We have an old 1995 Jeep Cherokee Sport (runs great/looks great) and a 2005 Jeep Grand Cherokee.  Jeep fan?????????? H :censored: LLLLLLLLLLLLLLLLLLLLLL YEAH!


----------



## macinfire (Jan 6, 2007)

jeepmedic said:


> Are there any other Jeep fans here?
> 
> I have a '79 CJ 5 and a '05 Liberty CRD. Want a '07 4 door Wrangler next.




same same, I want one of those 4 doors........well, all 4 doors...:wacko:


----------



## possum (Jan 6, 2007)

yes a jeep cherokee


----------



## Jon (Jan 6, 2007)

jeepmedic said:


> How many times did they change the fluids? We have jeep libertys on a website I go to that have way more miles than that. But they do do maintance on them though.

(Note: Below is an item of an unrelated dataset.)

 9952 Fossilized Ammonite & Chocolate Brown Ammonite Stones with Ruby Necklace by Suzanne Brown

Our problem is that the vehicles were driven 24x7 around parking lots and around town... slow speed, lots of stop and go, and lots of speedbumps. I would think that the Oil should be changed more than every 4000 miles in that case. It also does a number on the suspension system, espicially when everyone hits speedbumps at 20+ MPH 

Jon


----------



## cmitchell93270 (Jan 7, 2007)

i have an old jeep grand wagoneer 4 door and 4x4 runs but am wait till i get outta boot camp and "A" school to work on it


----------



## CotWoman (Jan 7, 2007)

I have a black '99 cherokee sport with a 3 inch lift...


----------



## jeepmedic (Jan 7, 2007)

umm, lets look here at the connection-- USMC (your boyfriend)
                                                      +EMS  (or fire or police)
                                                      = JEEP

Yep works out to me. :beerchug:


----------



## CotWoman (Jan 8, 2007)

jeepmedic said:


> umm, lets look here at the connection-- USMC (your boyfriend)
> +EMS  (or fire or police)
> = JEEP
> 
> Yep works out to me. :beerchug:




LMFAO  - yep thats' it... HAHA

His other vehicle is a Dodge Ram Quad Cab 4x4 - the thing is a tank - but I love it.

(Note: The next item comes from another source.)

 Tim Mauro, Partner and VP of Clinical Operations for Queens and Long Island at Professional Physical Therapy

I love my jeep too, but it's been giving me problems lately....


----------



## jeepmedic (Jan 8, 2007)

There are some great forms out there on the wb for jeep problems. 4wd Hardware has a forum and then there is www.webwheeling.com. The folks on webwheeling are great. Lots of advise on there.


----------



## CotWoman (Jan 8, 2007)

jeepmedic said:


> There are some great forms out there on the wb for jeep problems. 4wd Hardware has a forum and then there is www.webwheeling.com. The folks on webwheeling are great. Lots of advise on there.



Awesome!!!!!! Thanks so much!!!!    I think it's my alternator giving problems.  I had the battery replaced this weekend, because everytime I run the heat the charge drops.  I thought it was the battery at first but I am still having a problem... so it's gotta be the alternator... 
What FUN!!!  :wacko:


----------